## DATA SHOWN
━━━━━━━━
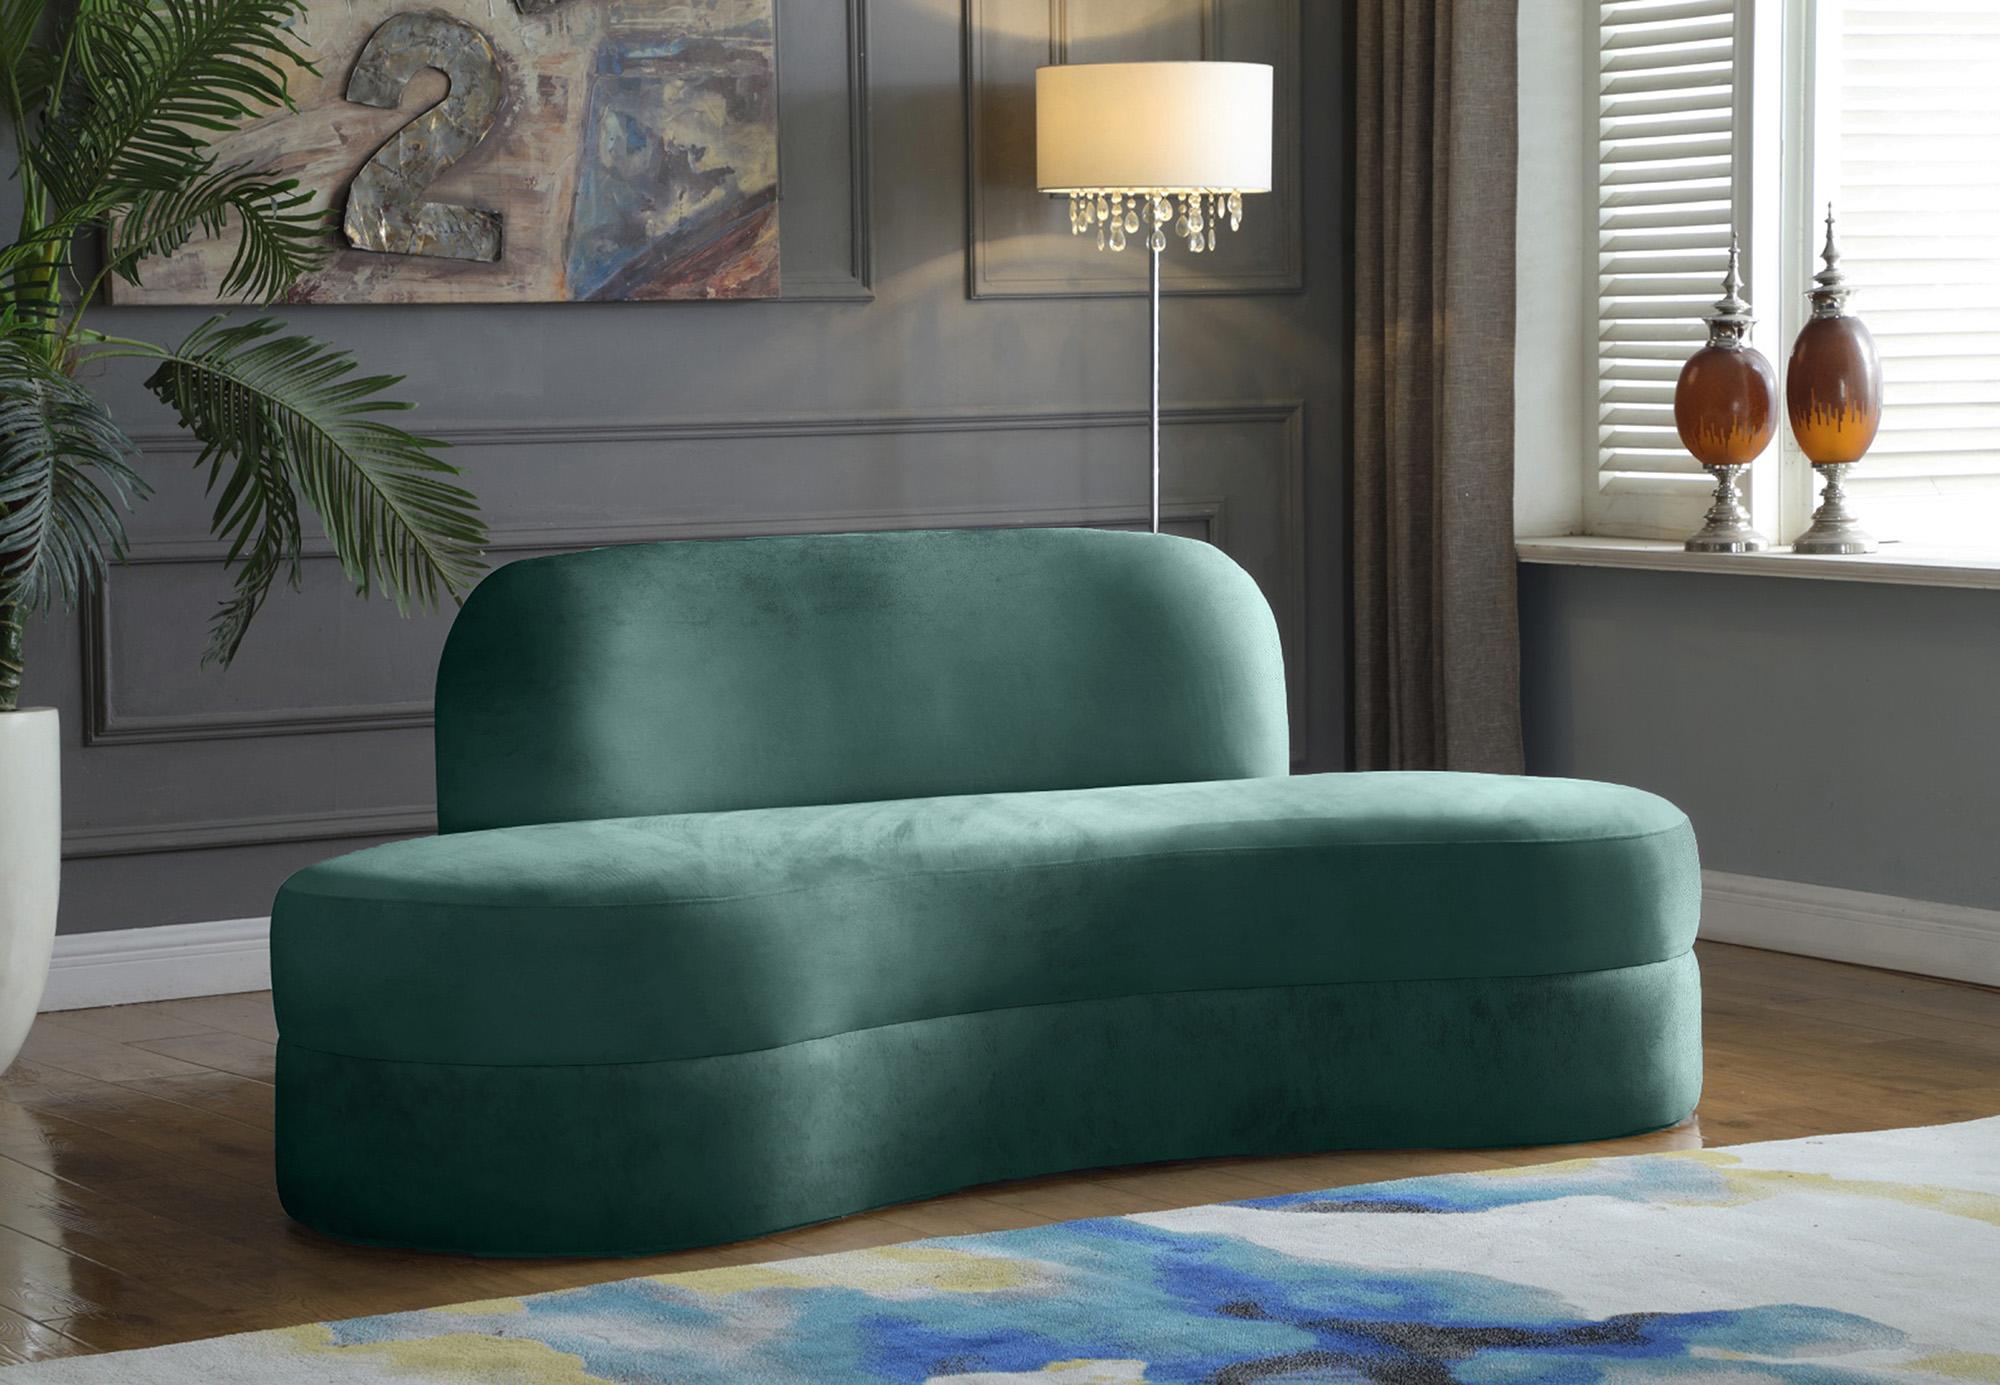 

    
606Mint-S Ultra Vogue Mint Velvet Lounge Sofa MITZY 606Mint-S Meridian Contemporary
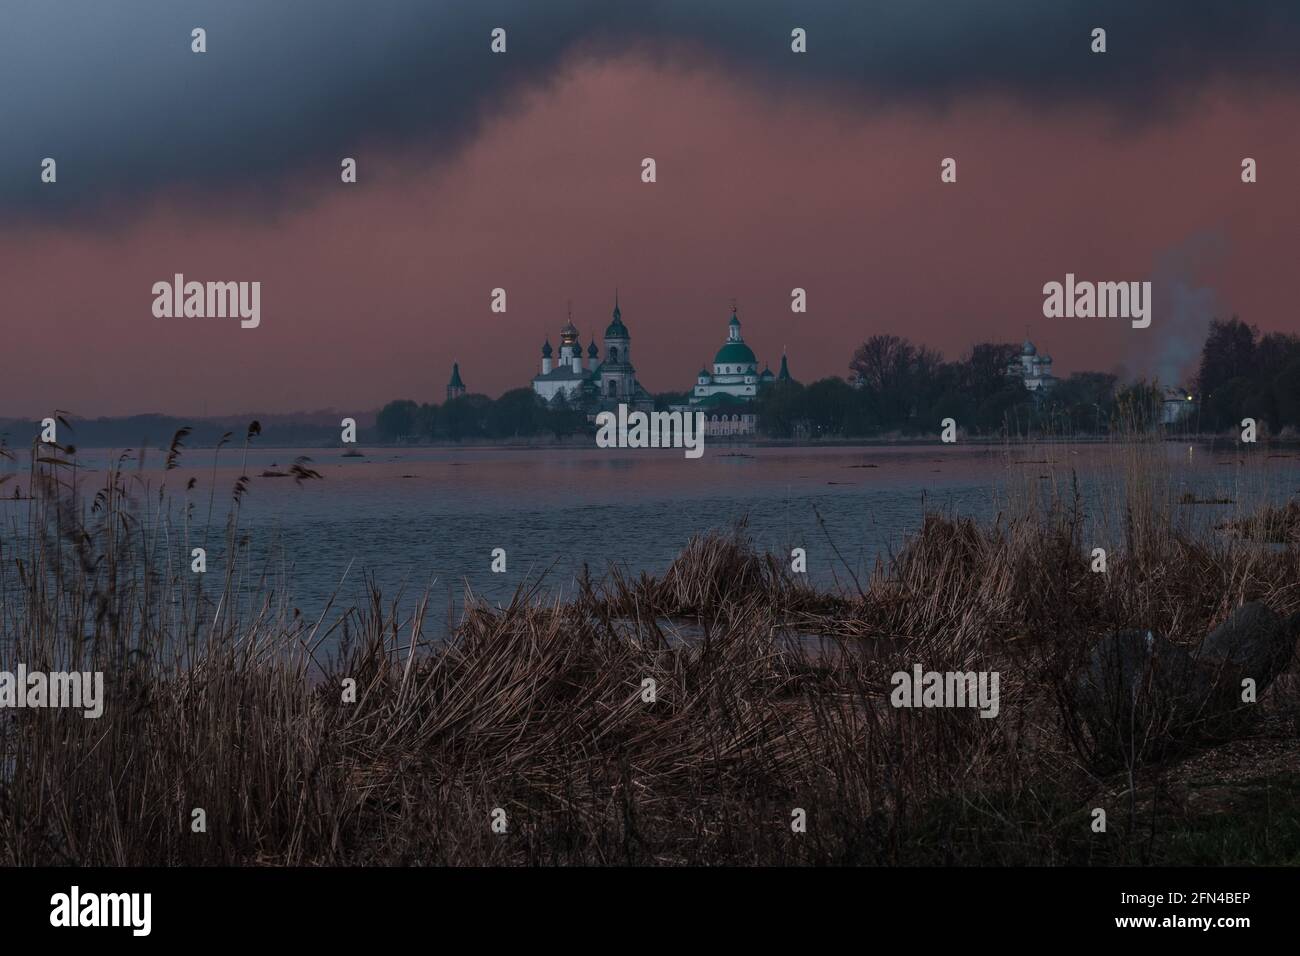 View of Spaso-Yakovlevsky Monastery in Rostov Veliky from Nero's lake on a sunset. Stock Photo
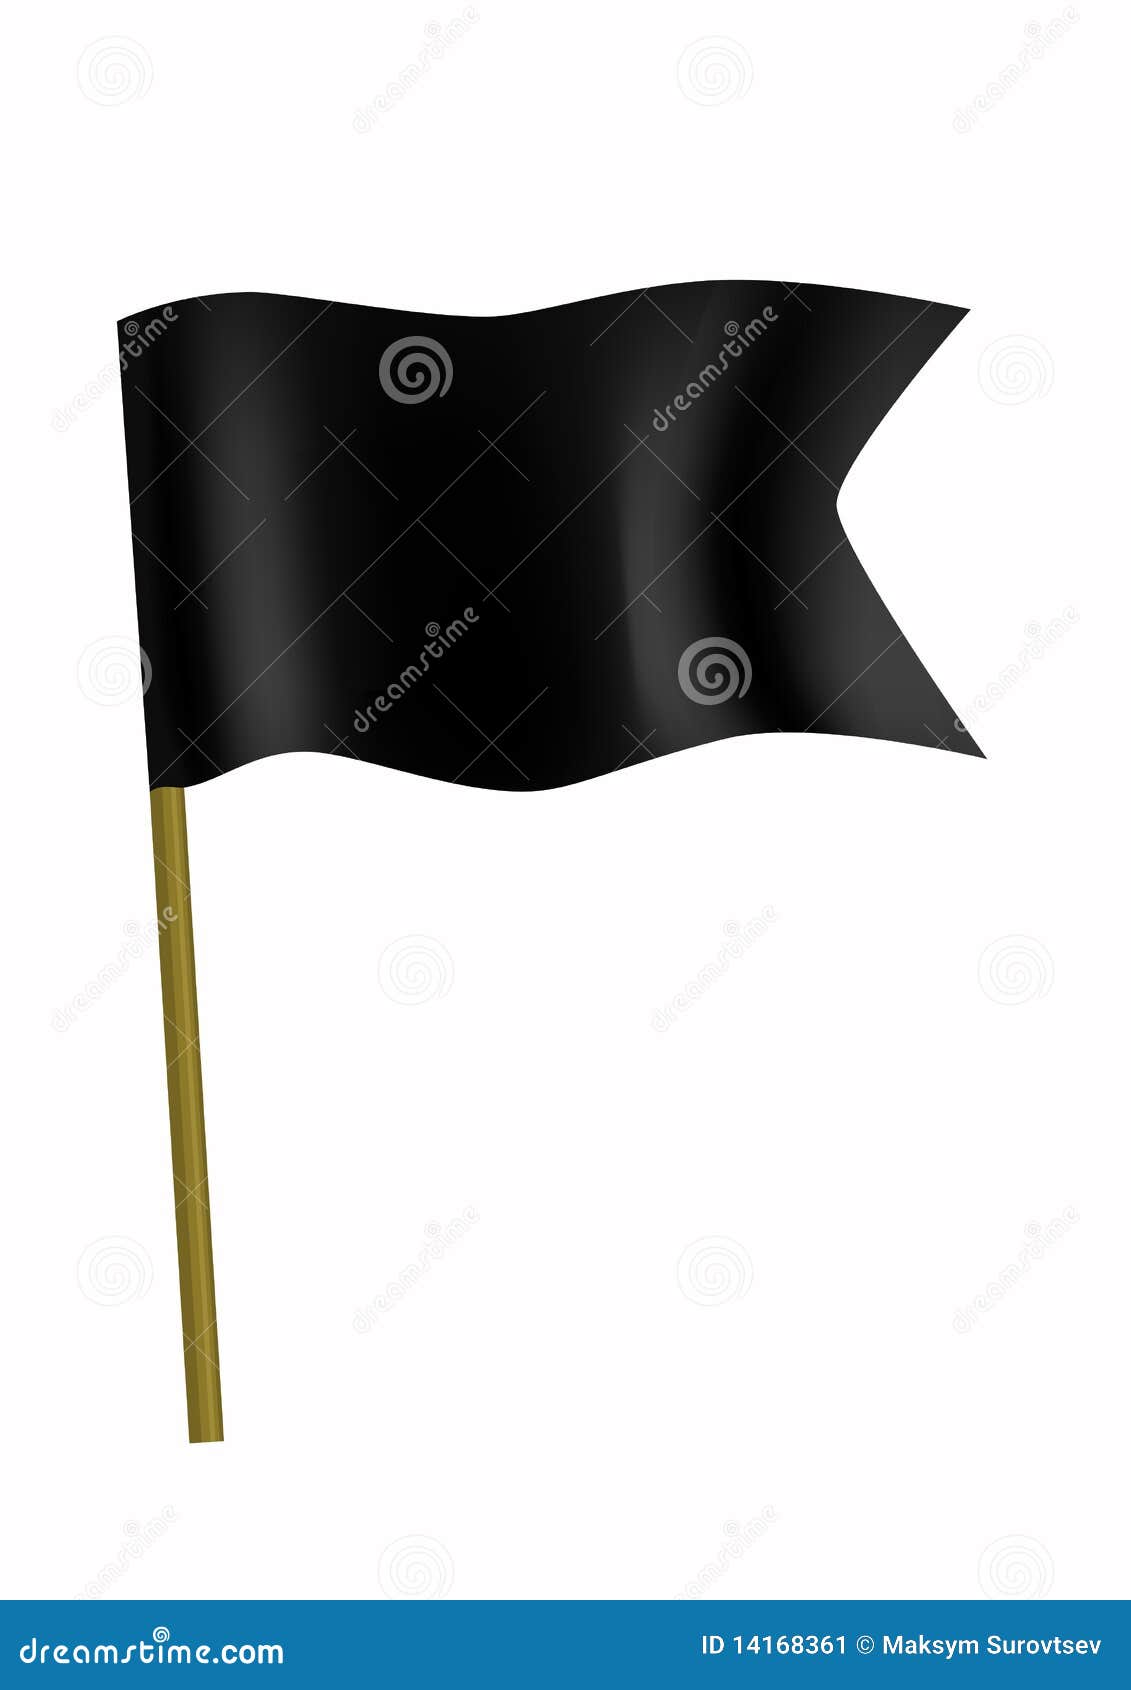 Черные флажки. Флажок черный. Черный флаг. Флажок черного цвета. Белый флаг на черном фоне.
━━━━━━━━
Please set down every line of the data above precisely, dropping the images.

606Mint-S Ultra Vogue Mint Velvet Lounge Sofa MITZY 606Mint-S Meridian Contemporary
 View of Spaso-Yakovlevsky Monastery in Rostov Veliky from Nero's lake on a sunset. Stock Photo
 Черные флажки. Флажок черный. Черный флаг. Флажок черного цвета. Белый флаг на черном фоне.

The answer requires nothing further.